Karl Ludwig Bernays (November 21, 1815 – June 22, 1876), baptized Ferdinand Cölestin Bernays and also known as Charles Louis Bernays, was a German journalist and associate of Karl Marx. Emigrating to the United States in the late 1840s, he worked as a journalist in Missouri and held a number of important positions in the Republican Party.

Biography
Bernays was born in Mainz, Germany, one of eight children of merchant Klemenz Bernays and his wife Theres Kreuznach (Creizenach). The family was Jewish but converted to Christianity while Bernays was still a child, and he was baptized Ferdinand Cölestin Bernays. They moved to Oggersheim, where Bernays attended a Catholic elementary school. He later went to a Protestant school in Frankfurt and went on to graduate from a school in Speyer. Bernays began studying law at the Ludwig Maximilian University in Munich and then transferred to the University of Göttingen. Sometime during his university years, he lost an eye in a duel. He received his doctorate in 1844 from Heidelberg University.

Bernays became a journalist for the Deutsch–Französische Jahrbücher (German–French Annals), which was published in Paris by Karl Marx and Arnold Ruge. When it folded, he became the editor of its successor, Vorwärts! (Forward).  In 1844, the newspaper was suppressed by the French government and Bernays was sent to prison for two months. On his release, he took refuge with fellow journalist Henry Boernstein, whose foster daughter Josephine 'Pepi' Wolf he later married.

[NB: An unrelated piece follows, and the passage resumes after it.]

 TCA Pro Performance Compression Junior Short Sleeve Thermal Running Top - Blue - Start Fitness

After the French Revolution of 1848 resulted in the establishment of the French Second Republic, Bernays became an official under the new regime and was sent to Vienna, Austria, as part of a legation. However, when Boernstein decided to emigrate to the United States in 1849, Bernays also decided on emigration, taking ship for St. Louis, Missouri with his family and changing his name to Charles Louis Bernays. A cholera outbreak in St. Louis decided him to settle instead in Highland, Illinois, where he got temporary work as a merchant and brewer, eventually establishing the Highland Brewery. After Boernstein arrived in St. Louis and took over the local German-language newspaper Anzeiger des Westens ("Western Reporter"), Bernays moved back to St. Louis to work as an editor for the paper. He also wrote for the English-language Missouri Republican.

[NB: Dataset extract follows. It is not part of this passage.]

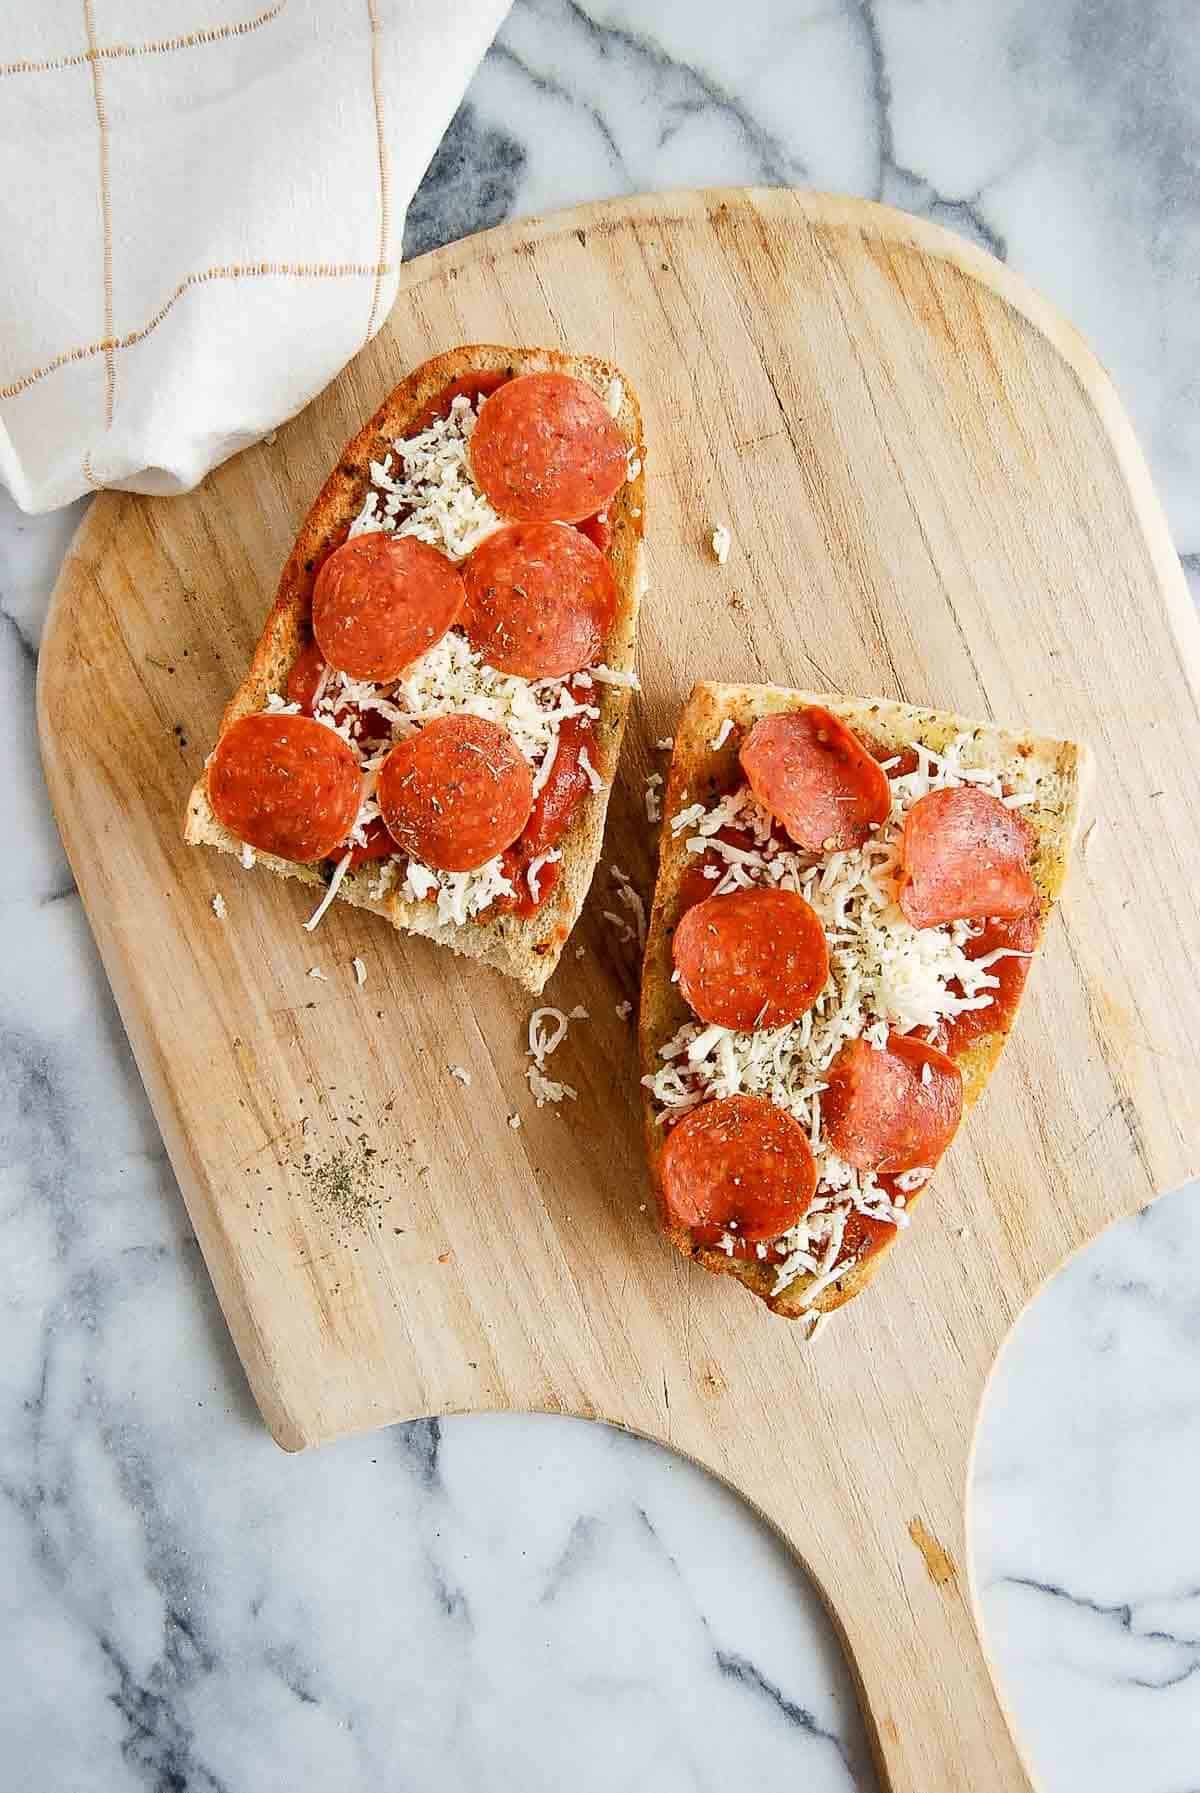 toasted french bread with pizza sauce, shredded mozzarella, and pepperoni on the top.

During the 1860 presidential election, Bernays served as secretary of the Missouri Republican Party. He became friendly with President Abraham Lincoln, and in 1861 the president posted him to Zurich, Switzerland, and later Helsinki, Finland, as a consul. Bernays apparently did not enjoy these postings (there were protests over his Jewish background) and returned to the United States to resume work as a journalist. During the Civil War, he served as an army paymaster, with the rank of lieutenant colonel.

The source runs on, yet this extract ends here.